Extract fixed-size patches from strip_image and optionally strip_mask.

Parameters

strip_image (np.ndarray) - (H, W, 3) uint8 array.
strip_mask (np.ndarray | None) - (H, W) uint8 array, or None for image-only datasets.
config (SamplerConfig) - Sampling configuration.

Returns

(patch_images, patch_masks, meta) where:

patch_images: (N, patch_size, patch_size, 3) uint8
patch_masks: (N, patch_size, patch_size) uint8, or None if no mask given
meta: list of dicts with keys row, col, padded

Writing

`WriterConfig`

class mapcv.WriterConfig(
    staging_dir: Path,
    image_format: str = "png",
    jpg_quality: int = 95,
)

Parameters

staging_dir (Path) - Directory where Images/, Masks/, and manifest.json are written.
image_format (str, optional, defaults to "png") - "png" for lossless, "jpg" for smaller lossy files.
jpg_quality (int, optional, defaults to 95) - JPEG quality from 1 to 100. Only used when image_format="jpg".

`Manifest`

class mapcv.Manifest(
    version: int,
    class_map: dict[str, int],
    patches: list[ManifestEntry],
)

Methods

save(path: Path) -> None - Write the manifest to disk as JSON.
Manifest.load(path: Path) -> Manifest - Load a manifest from a JSON file.

`ManifestEntry`

Each entry in manifest.patches is a TypedDict with the following fields:

Field	Type	Description
`filename`	`str`	Relative path to the patch image inside the staging directory.
`mask_filename`	`str \| None`	Relative path to the mask image, or `None` for unlabeled datasets.
`row`	`int`	Top-left row of the patch in the stitched strip image.
`col`	`int`	Top-left column of the patch in the stitched strip image.
`padded`	`bool`	`True` if the patch was zero-padded to reach `patch_size`.
`strip_index`	`int`	Index of the strip this patch was sampled from.
`per_class_pixel_counts`	`dict[str, int]`	Pixel count for each class ID string (e.g. `{"1": 1024, "2": 512}`).

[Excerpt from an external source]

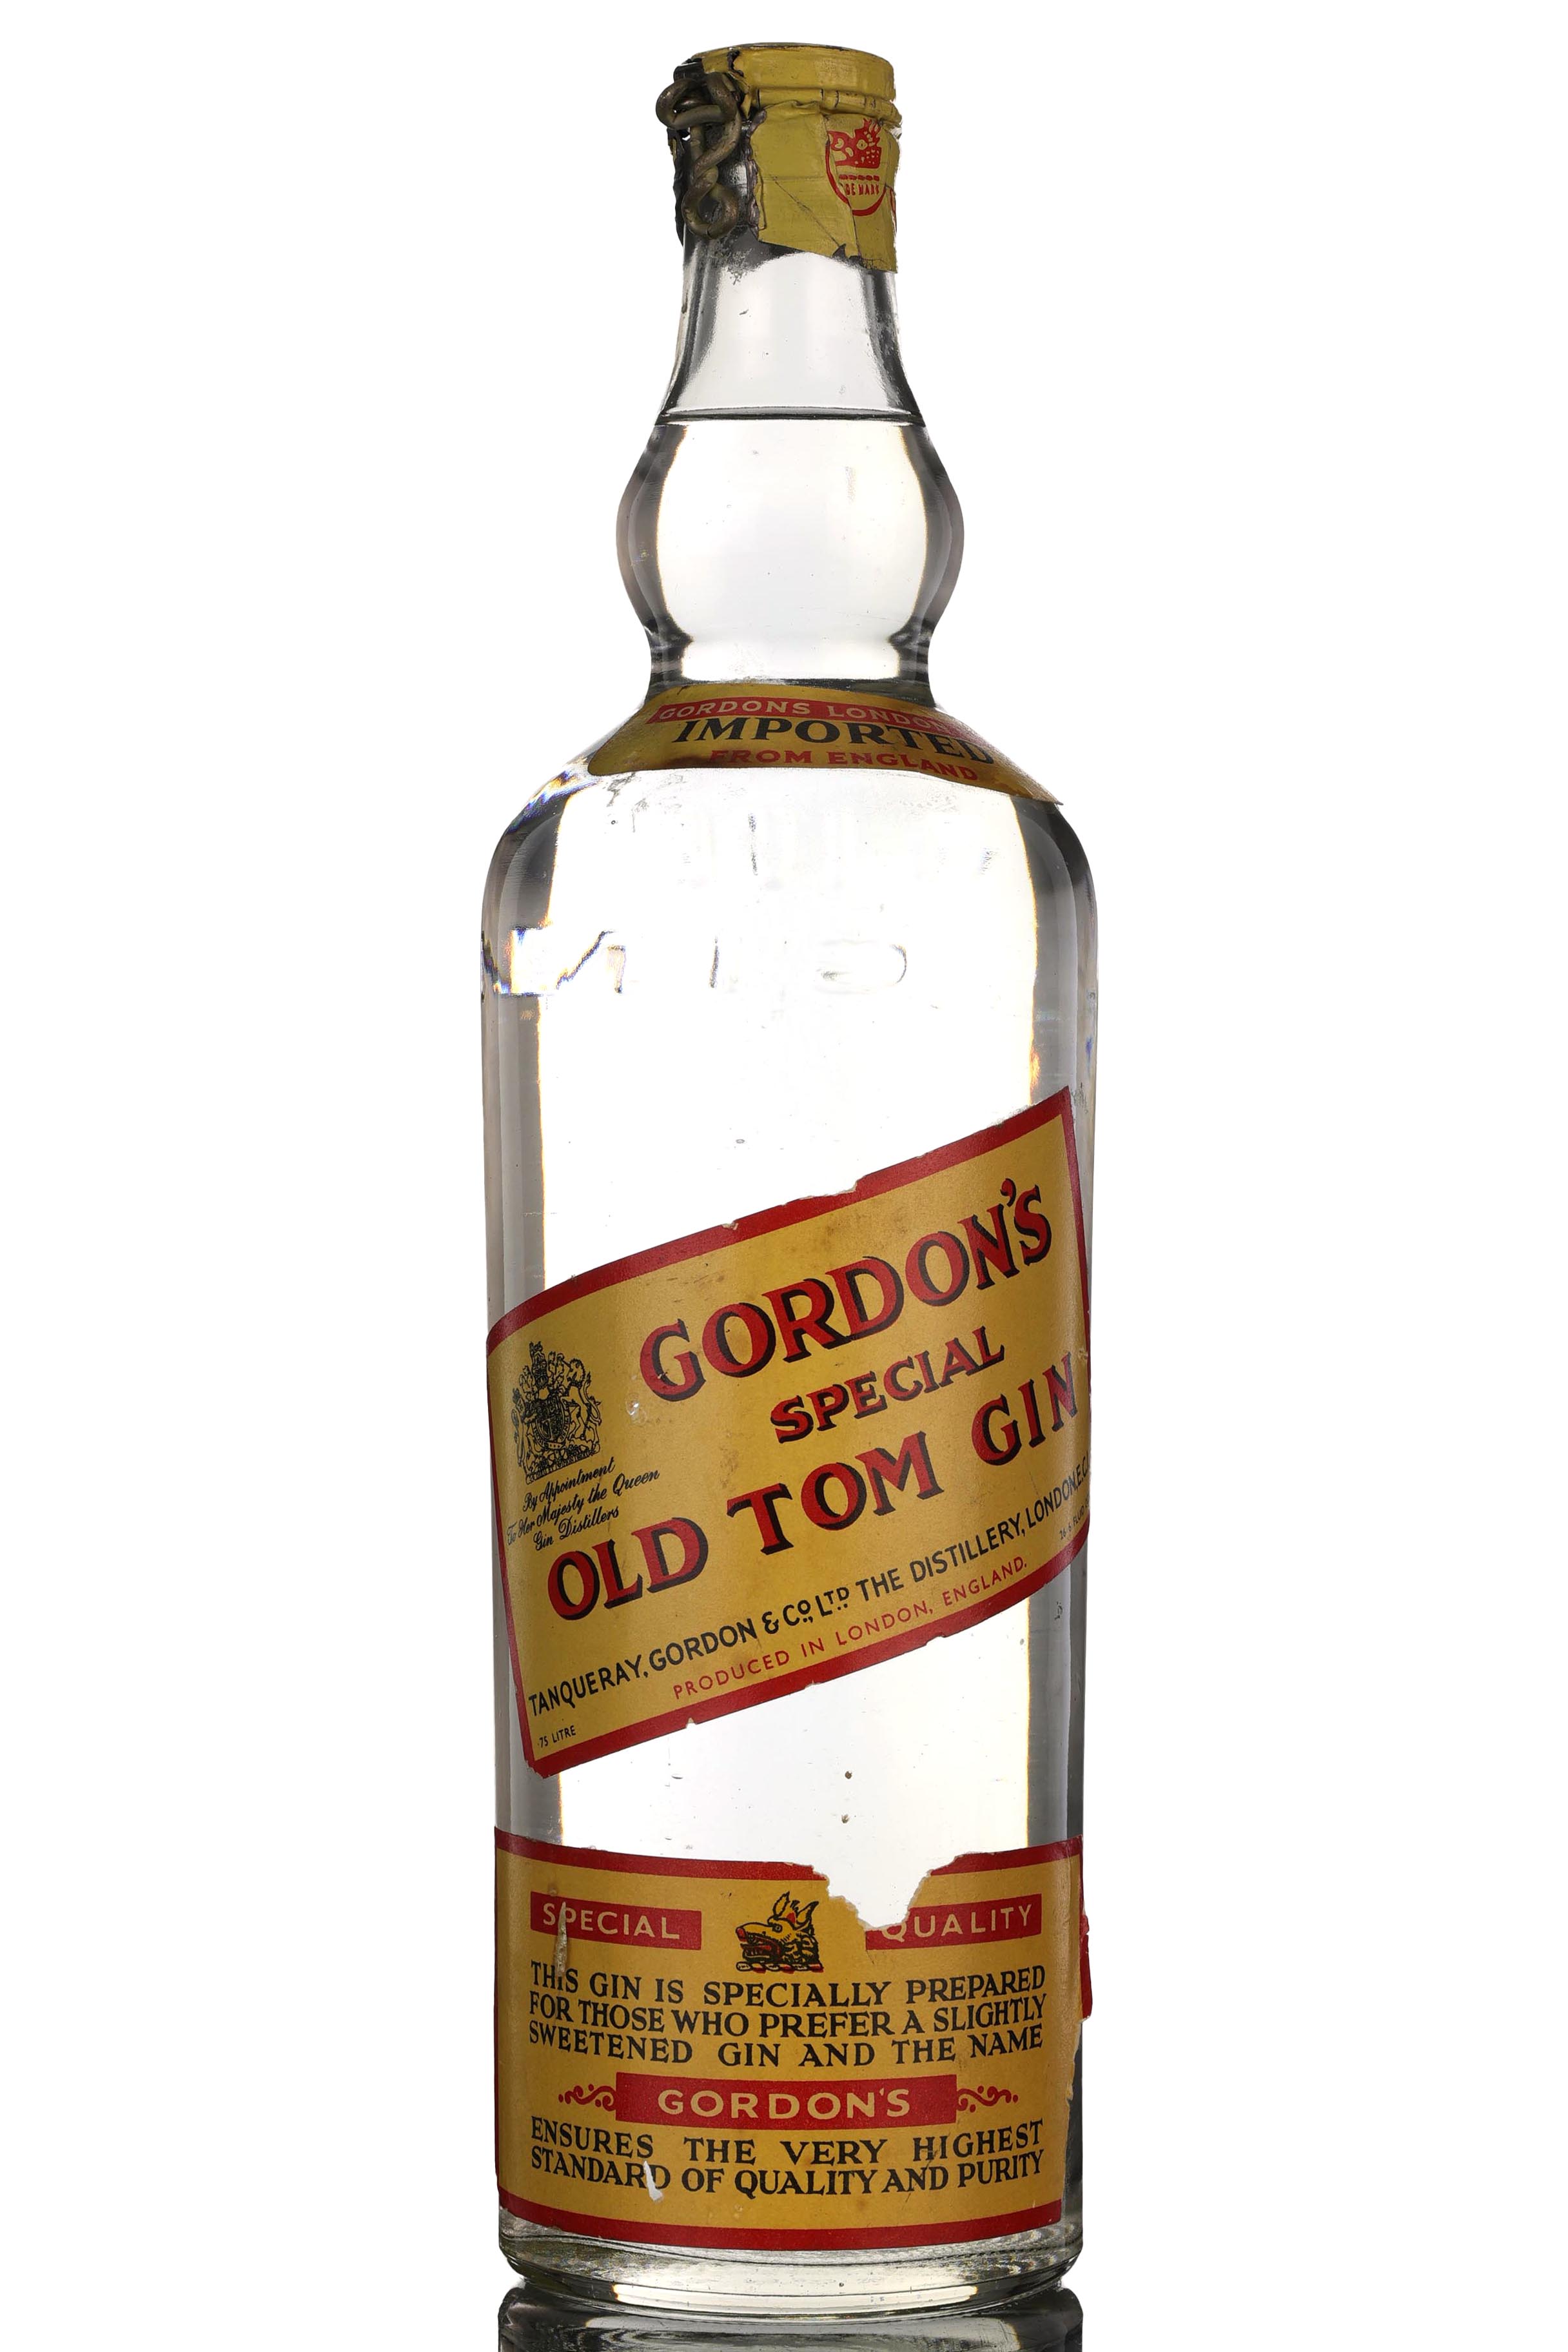 Gordons Special Old Tom Gin - 1950s

Empty for unlabeled patches.
`empty_ratio`	`float`	Fraction of black (zero) pixels in the image patch.

`load_or_create_manifest`

mapcv.load_or_create_manifest(
    path: Path,
    class_map: dict[str, int],
) -> Manifest

Load an existing manifest from path, or create a new one with class_map if the file does not exist.

`write_patches`

mapcv.write_patches(
    image_patches: np.ndarray,
    mask_patches: np.ndarray | None,
    meta: list[dict],
    config: WriterConfig,
    manifest: Manifest,
    strip_index: int = 0,
) -> None

Write patch images and masks to disk and append entries to manifest. Skips files that already exist (resume-safe).

Parameters

image_patches (np.ndarray) - (N, patch_size, patch_size, 3) uint8 array.
mask_patches (np.ndarray | None) - (N, patch_size, patch_size) uint8 array, or None.
meta (list[dict]) - Patch metadata from sample_patches.
config (WriterConfig) - Writer configuration.
manifest (Manifest) - Manifest to append patch entries to.
strip_index (int, optional, defaults to 0) - Strip index, used to generate unique patch filenames across strips.

Splitting

`SplitterConfig`

class mapcv.SplitterConfig(
    test_ratio: float = 0.20,
    val_ratio: float = 0.10,
    labeled_ratios: list[float] = [0.10, 0.20, 0.30],
    seed: int = 42,
    strategy: str = "stratified",
    sample_limit: int | None = None,
)

Parameters

test_ratio (float, optional, defaults to 0.20) - Fraction of patches reserved for the test set.
val_ratio (float, optional, defaults to 0.10) - Fraction of non-test patches used for validation.
labeled_ratios (list[float], optional, defaults to [0.10, 0.20, 0.30]) - For each ratio, writes <ratio>/labeled.txt and <ratio>/unlabeled.txt for semi-supervised workflows.
seed (int, optional, defaults to 42) - Random seed for reproducible splits.
strategy (str, optional, defaults to "stratified") - "stratified" preserves class distribution. "random" splits without balancing.
sample_limit (int, optional) - Cap on total patches sampled before splitting.

`split_dataset`

mapcv.split_dataset(
    manifest: Manifest,
    config: SplitterConfig,
    output_dir: Path,
) -> None

Split the manifest into train.txt, val.txt, and test.txt files written to output_dir.

Parameters

manifest (Manifest) - The dataset manifest to split.
config (SplitterConfig) - Split configuration.
output_dir (Path) - Directory where split .txt files are written.

Built-in tile sources

from mapcv import URL_TEMPLATES
print(list(URL_TEMPLATES.keys()))
# ['google_satellite', 'osm', 'esri_satellite', 'esri_topo',
#  'esri_street', 'cartodb_positron', 'cartodb_dark_matter']